ヨーロッパ大陸では、私たちは自国の言葉によってある程度保護されているが、自治権の低下は相当なもので、しかも急速に進んでいる。

イラク戦争のとき、シラク、シュレーダー、プーチンが共同で反戦記者会見を行ったことを思い出そう。

そして、技術や教育の重要性を強調する。

「米国は現在、ロシアの2倍の人口(学生の年齢層では2.2倍)。

しかし、米国では工学を学ぶ人は7%に過ぎないが、ロシアでは25%である。

つまり、2.2倍少ない人数で、ロシアは30%多くエンジニアを養成していることになる。

アメリカはその差を留学生で埋めているが、インド人が中心で、さらに中国人も多い。

これでは安心できないし、すでに減っている。アメリカ経済のジレンマである。

中国の熟練労働者を輸入することでしか、中国との競争に立ち向かえないのだ。」

戦争の思想的・文化的側面について。

「ロシア下院が「LGBTプロパガンダ」に関するさらに抑圧的な法案を可決したのを見ると、我々は優越感に浸ることができる。

それは普通の西洋人として感じることができる。しかし、地政学的な観点から、ソフトパワーで考えると、それは間違いである。

地球上の75%では、親族組織は父系であり、ロシアの姿勢に強い理解を感じることができる。

非西洋の集合体にとって、ロシアは心強い道徳的保守主義を肯定している

のである。」

彼は続ける :

「ソ連はある種のソフトパワーを持っていたが、共産主義は基本的にその無神論によってイスラム世界全体を恐怖に陥れ、インドでは西ベンガル州とケーララ州以外では特に何も触発されなかった。」

しかし、今日、自らを大国の典型として位置づけ直したロシアは、反植民地主義的であるだけでなく、父系的で伝統的な風俗を保守しており、さらに誘惑することができるのだ。

例えば、プーチンのロシアは道徳的に保守的になり、サウジアラビアに同調するようになったのは明らかだ。

彼らは、トランスジェンダーの女性が女性用トイレに入ることをめぐるアメリカの議論に少々難色を示しているのは確かだろう。

欧米のメディアは悲劇的なほど面白い。

「ロシアは孤立している、ロシアは孤立している」

と言い続けるのだ。

しかし、国連での投票を見ると、世界の75%が欧米に従わないことがわかり、そうなると、とても小さく見えてしまう。

人類学者がこの、西洋とそれ以外の間の溝を読み解くと、西洋の国々はしばしば核家族構造で、二者間親族制度、つまり子供の社会的地位を定義する上で男性と女性の親族関係が同等であることがわかる。
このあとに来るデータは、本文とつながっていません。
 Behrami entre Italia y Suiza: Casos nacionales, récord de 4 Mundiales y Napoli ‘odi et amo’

それ以外では、アフロ・ユーロ・アジアの大衆の大部分は、共同体や父系家族組織を見出すことができる。

そして、この対立は、我々のメディアによって政治的価値観の対立として説明されているが、より深いレベルでは人類学的価値観の対立であることがわかる。
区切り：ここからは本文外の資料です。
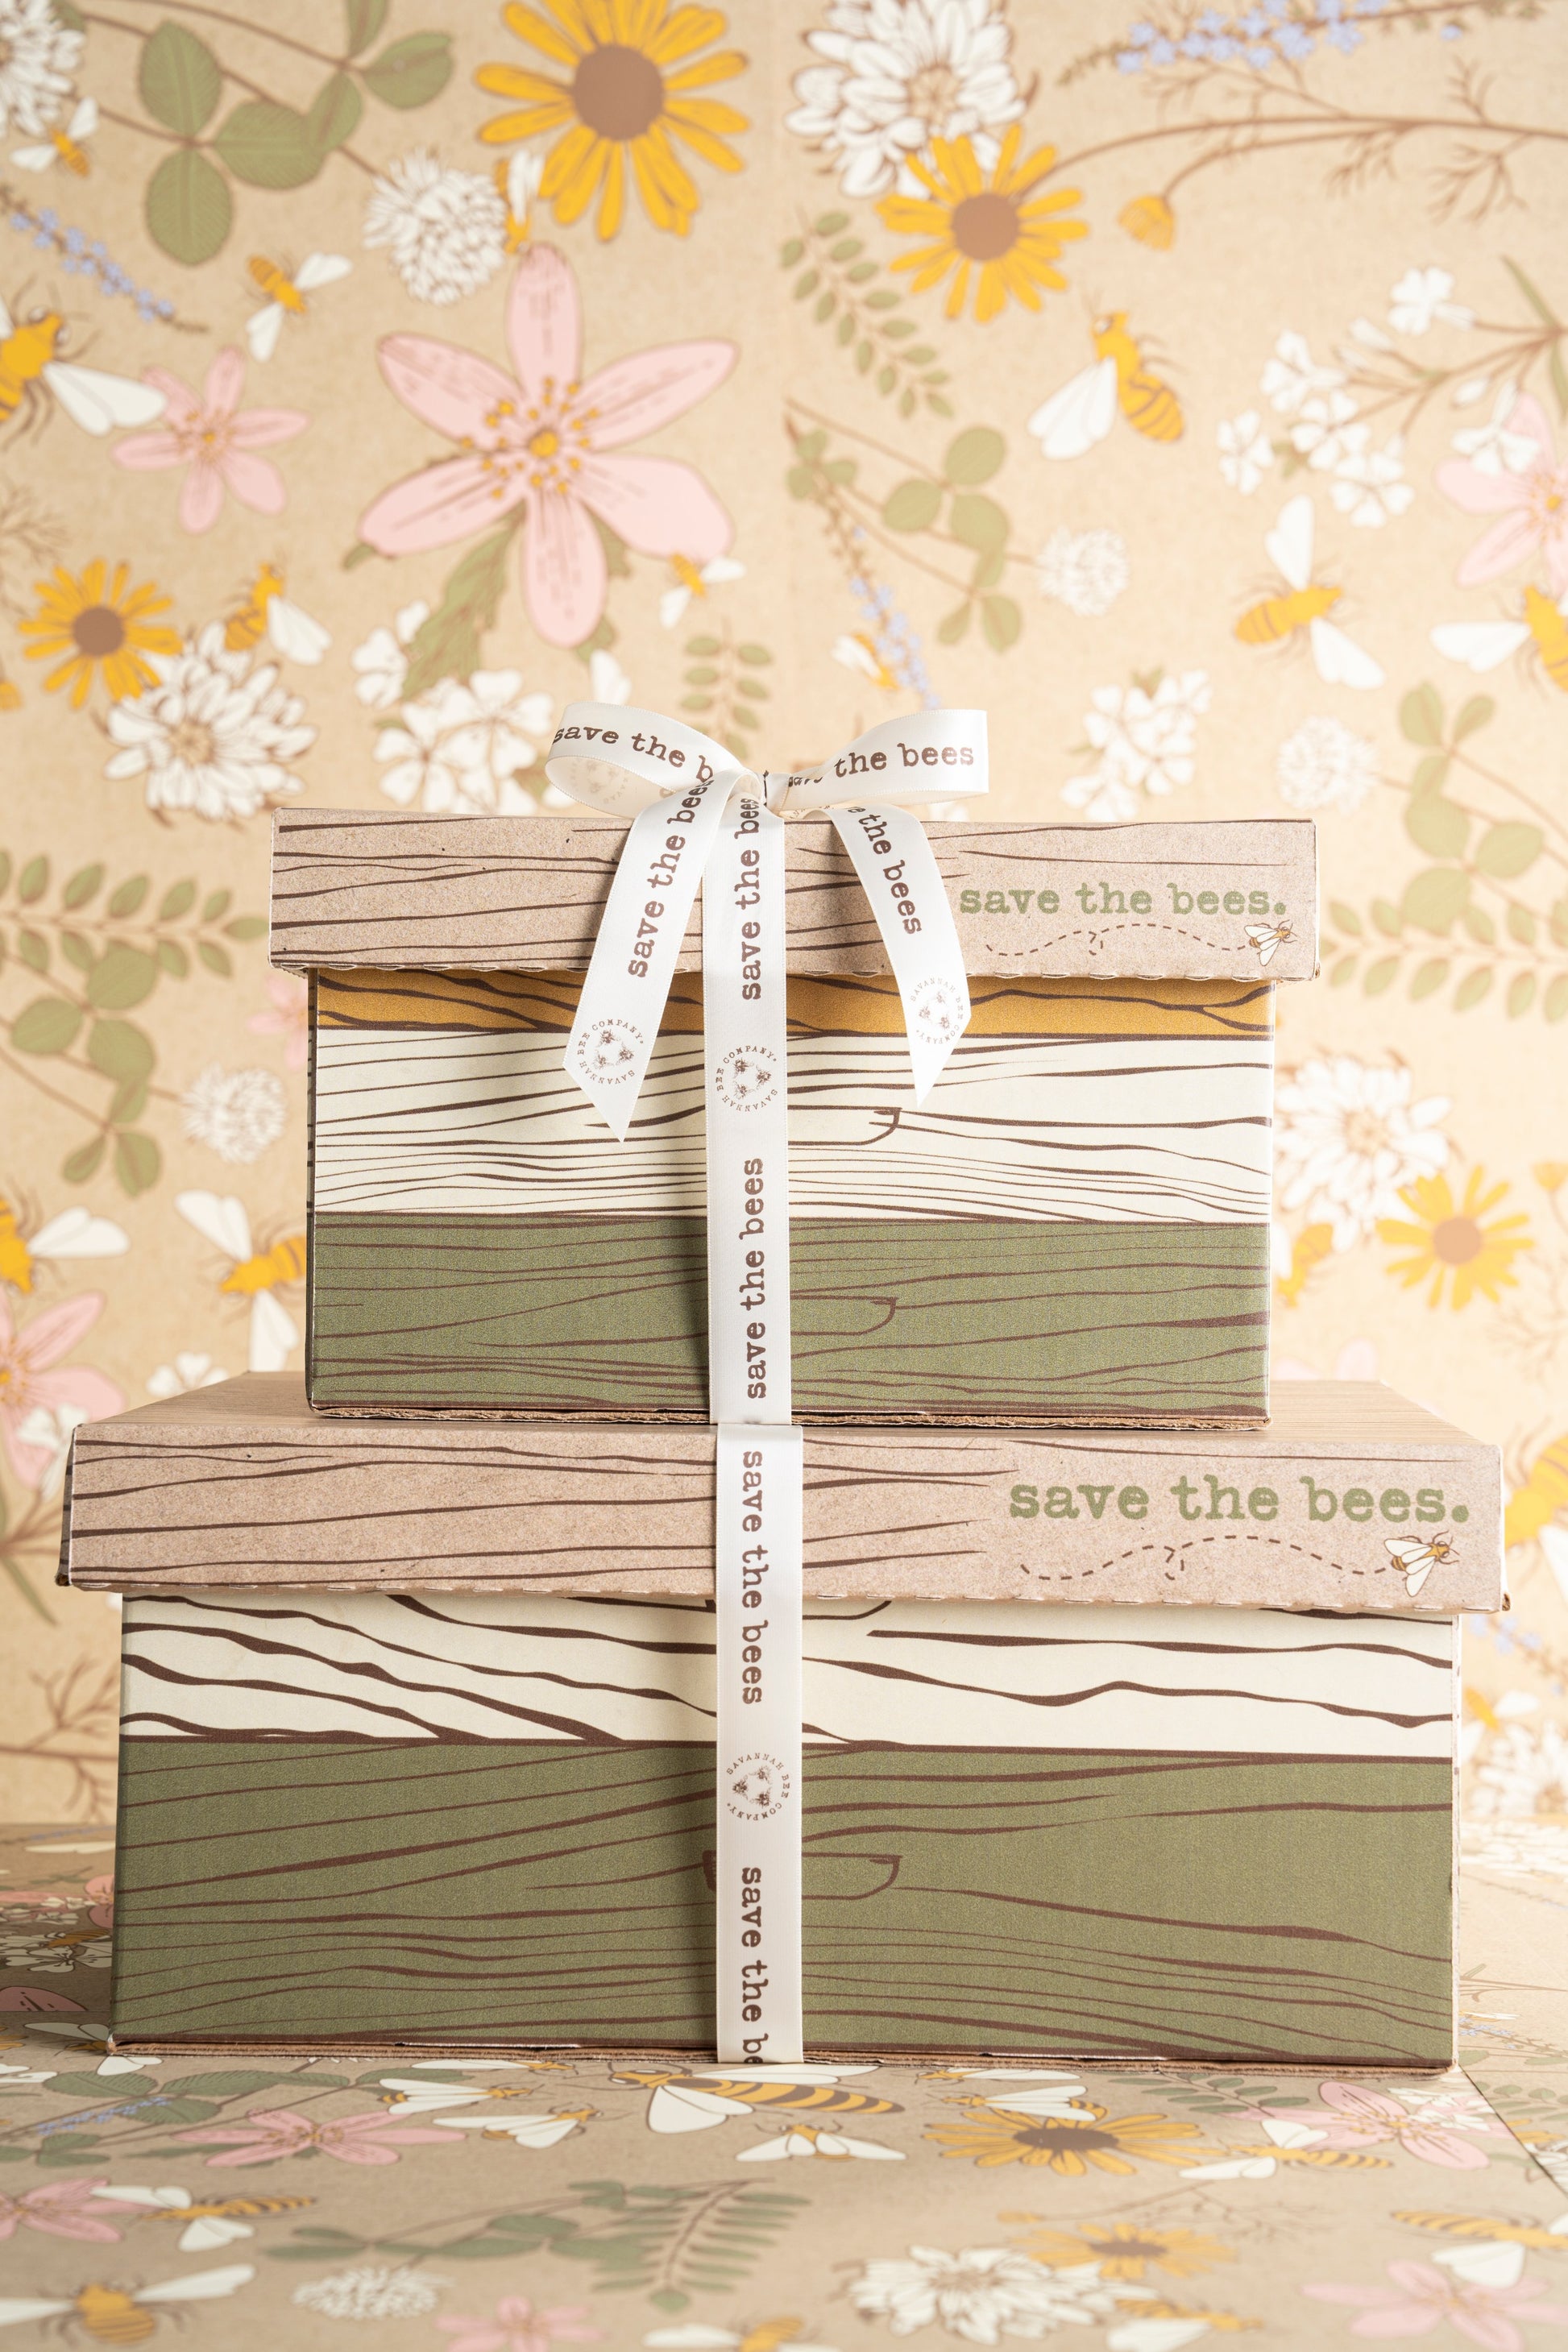 Honey Gift Box Set of 4 – AZ Queen Bee

この対立を危険なものにしているのは、この分裂の無意識的な側面とこの深さなのである。

さあ。彼はすべてにおいて正しいのだろうか❓

しかし、エマニュエル・トッドは、フランスのメディアでよく見られる、予測可能な悪口とは全く異なる分析をする、非常にユニークで興味深い思想家であることは確かだ。